### [What to do]
Look below for the line with "Pandora Style Silver" and the line with "How to grill"; repeat exactly those two lines and all lines between them, but no pictures.

### [Recorded information]
::::::
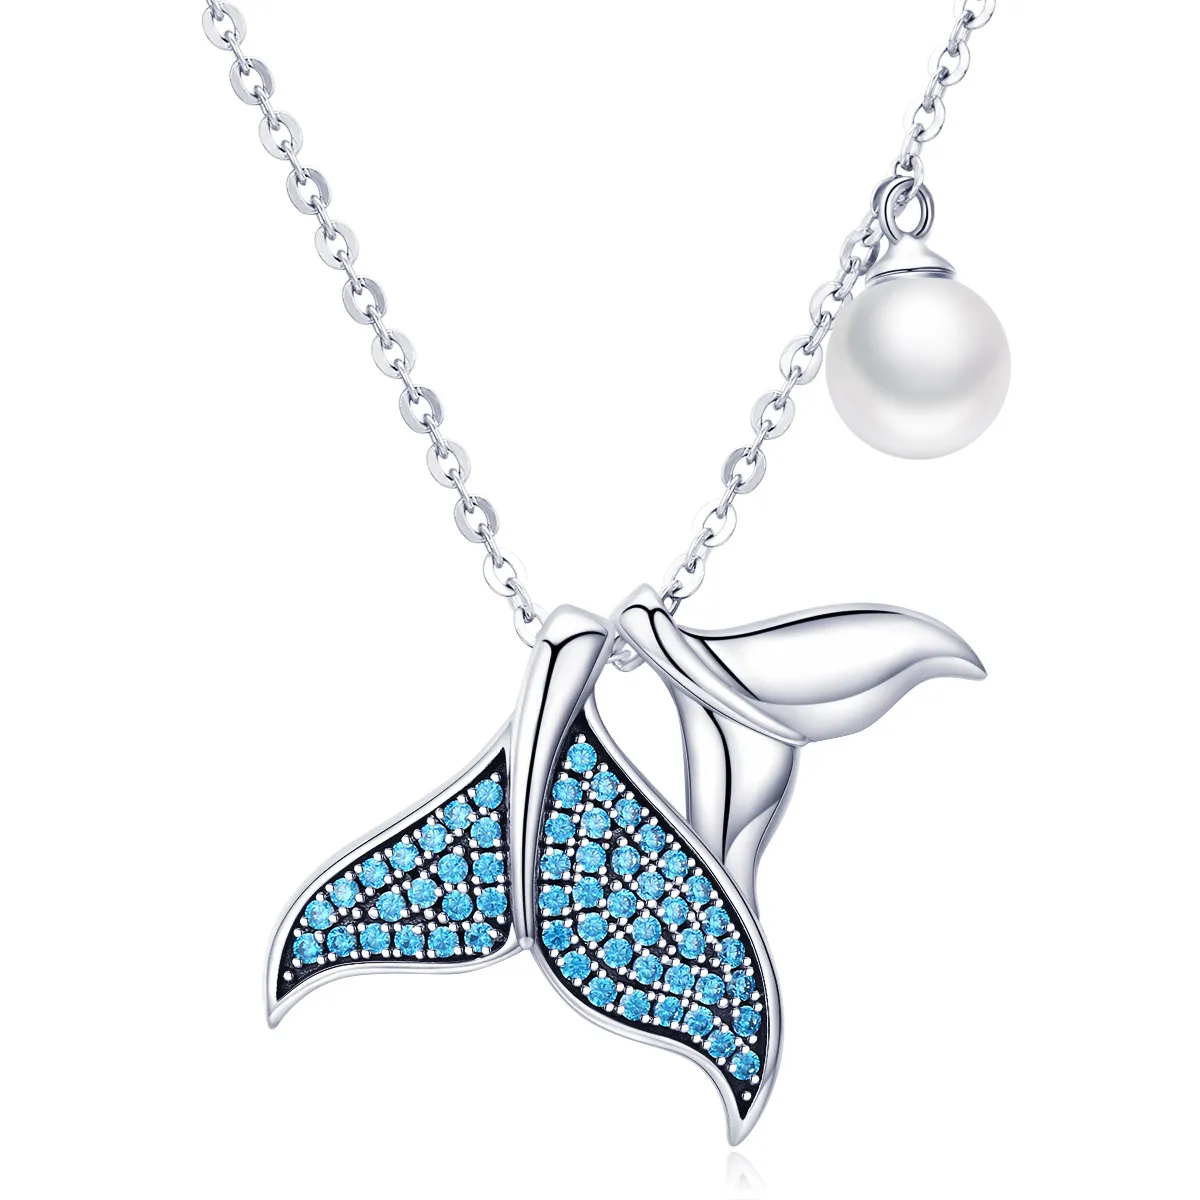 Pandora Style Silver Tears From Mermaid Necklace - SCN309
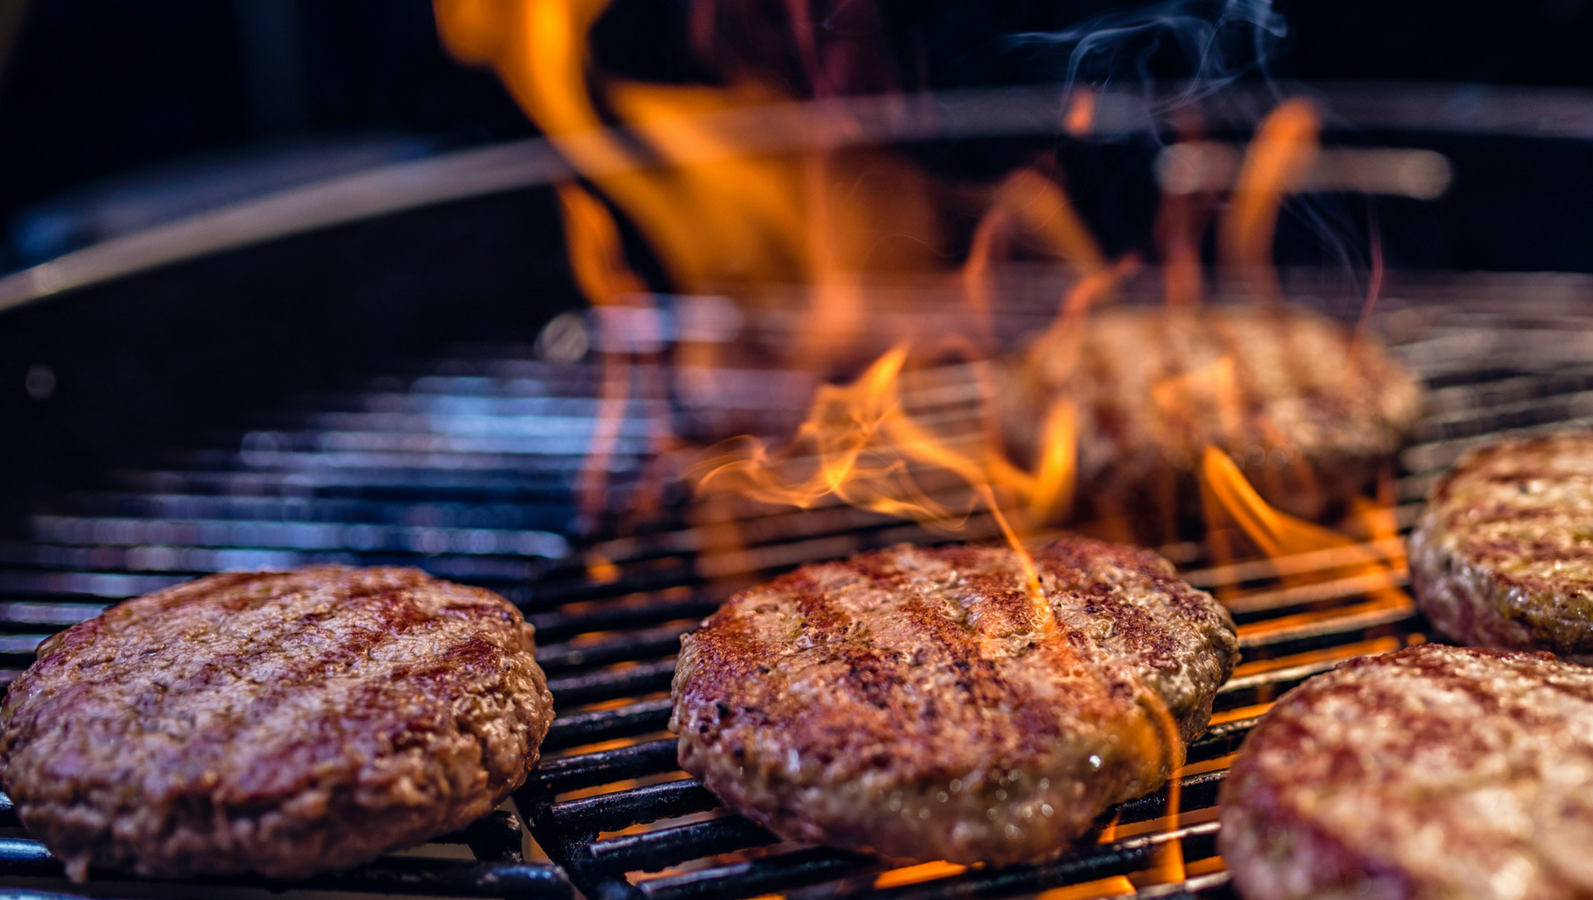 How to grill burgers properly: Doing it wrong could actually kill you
::::::
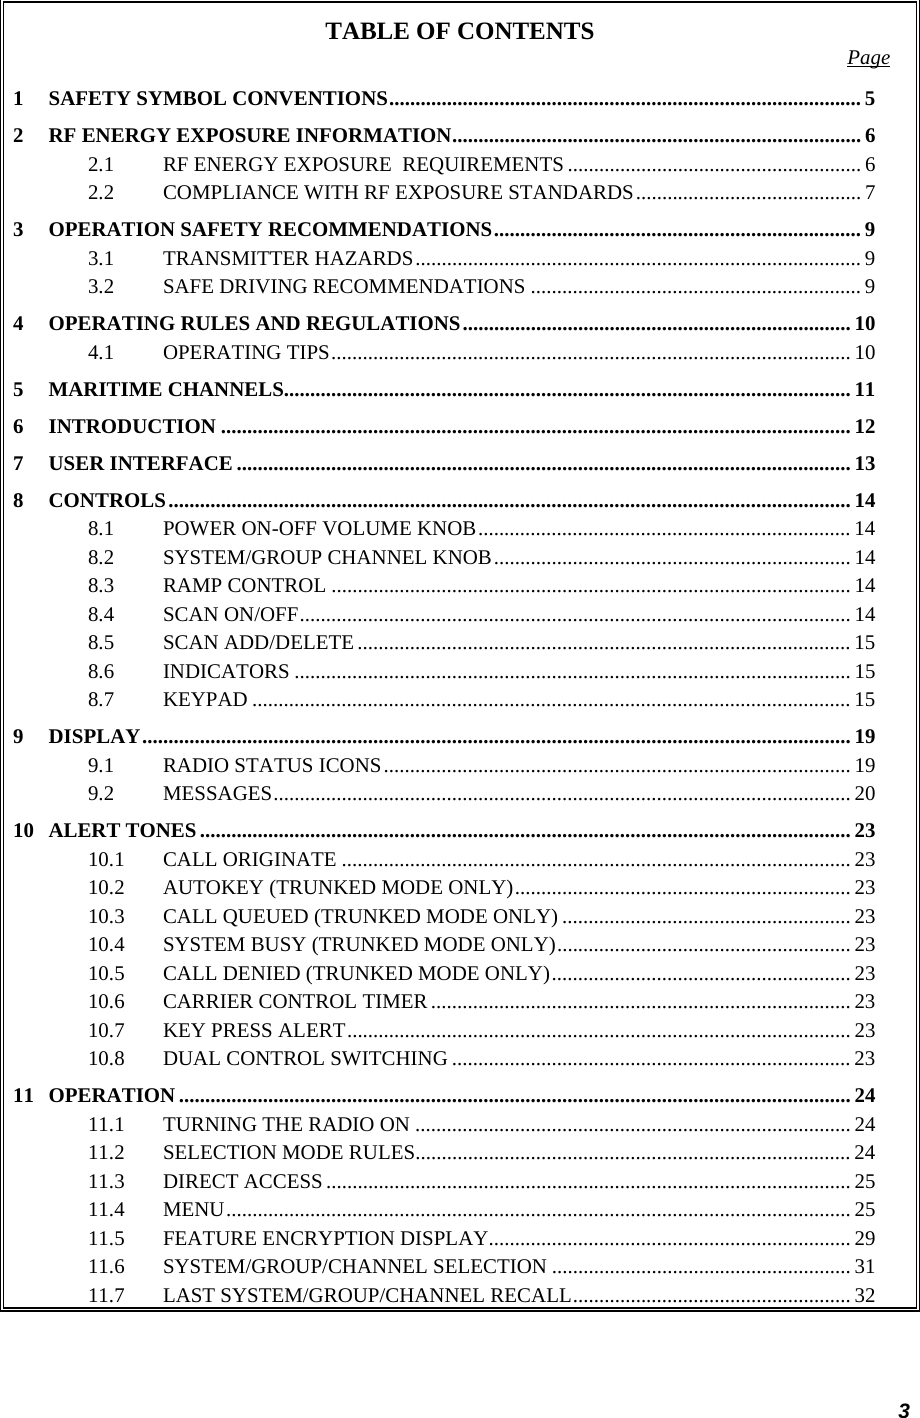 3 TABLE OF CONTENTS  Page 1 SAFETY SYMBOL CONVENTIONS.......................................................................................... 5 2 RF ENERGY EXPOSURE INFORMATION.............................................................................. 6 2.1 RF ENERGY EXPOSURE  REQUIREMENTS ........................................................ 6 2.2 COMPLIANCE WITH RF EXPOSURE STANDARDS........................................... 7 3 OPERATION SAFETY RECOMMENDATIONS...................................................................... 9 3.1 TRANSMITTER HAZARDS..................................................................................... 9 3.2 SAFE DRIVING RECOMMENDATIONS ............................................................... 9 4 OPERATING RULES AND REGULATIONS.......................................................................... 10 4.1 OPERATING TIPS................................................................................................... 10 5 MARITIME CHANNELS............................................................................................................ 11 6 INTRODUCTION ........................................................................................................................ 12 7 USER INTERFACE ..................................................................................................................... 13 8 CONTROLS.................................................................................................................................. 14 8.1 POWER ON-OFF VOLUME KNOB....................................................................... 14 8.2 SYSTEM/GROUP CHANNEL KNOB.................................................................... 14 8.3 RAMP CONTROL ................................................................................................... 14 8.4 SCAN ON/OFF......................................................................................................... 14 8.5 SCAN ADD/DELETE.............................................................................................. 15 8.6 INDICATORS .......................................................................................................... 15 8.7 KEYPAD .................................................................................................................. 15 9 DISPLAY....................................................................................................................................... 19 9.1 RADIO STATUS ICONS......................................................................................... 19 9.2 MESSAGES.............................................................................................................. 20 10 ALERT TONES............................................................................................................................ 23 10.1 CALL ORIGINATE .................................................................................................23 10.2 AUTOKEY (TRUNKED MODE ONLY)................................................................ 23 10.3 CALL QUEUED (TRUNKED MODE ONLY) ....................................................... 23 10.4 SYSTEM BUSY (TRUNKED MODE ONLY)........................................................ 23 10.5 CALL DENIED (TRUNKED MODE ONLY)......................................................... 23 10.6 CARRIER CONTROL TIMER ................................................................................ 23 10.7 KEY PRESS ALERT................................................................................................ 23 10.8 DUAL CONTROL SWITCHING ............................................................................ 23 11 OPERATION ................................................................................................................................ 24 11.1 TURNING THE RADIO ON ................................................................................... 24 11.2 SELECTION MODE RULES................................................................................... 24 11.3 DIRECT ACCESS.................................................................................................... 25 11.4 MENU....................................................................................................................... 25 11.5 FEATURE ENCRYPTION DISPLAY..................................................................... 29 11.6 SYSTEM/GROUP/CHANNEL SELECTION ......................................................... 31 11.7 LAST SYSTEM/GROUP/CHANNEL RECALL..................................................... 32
::::::
### [Exercise output]
 Pandora Style Silver Tears From Mermaid Necklace - SCN309
 How to grill burgers properly: Doing it wrong could actually kill you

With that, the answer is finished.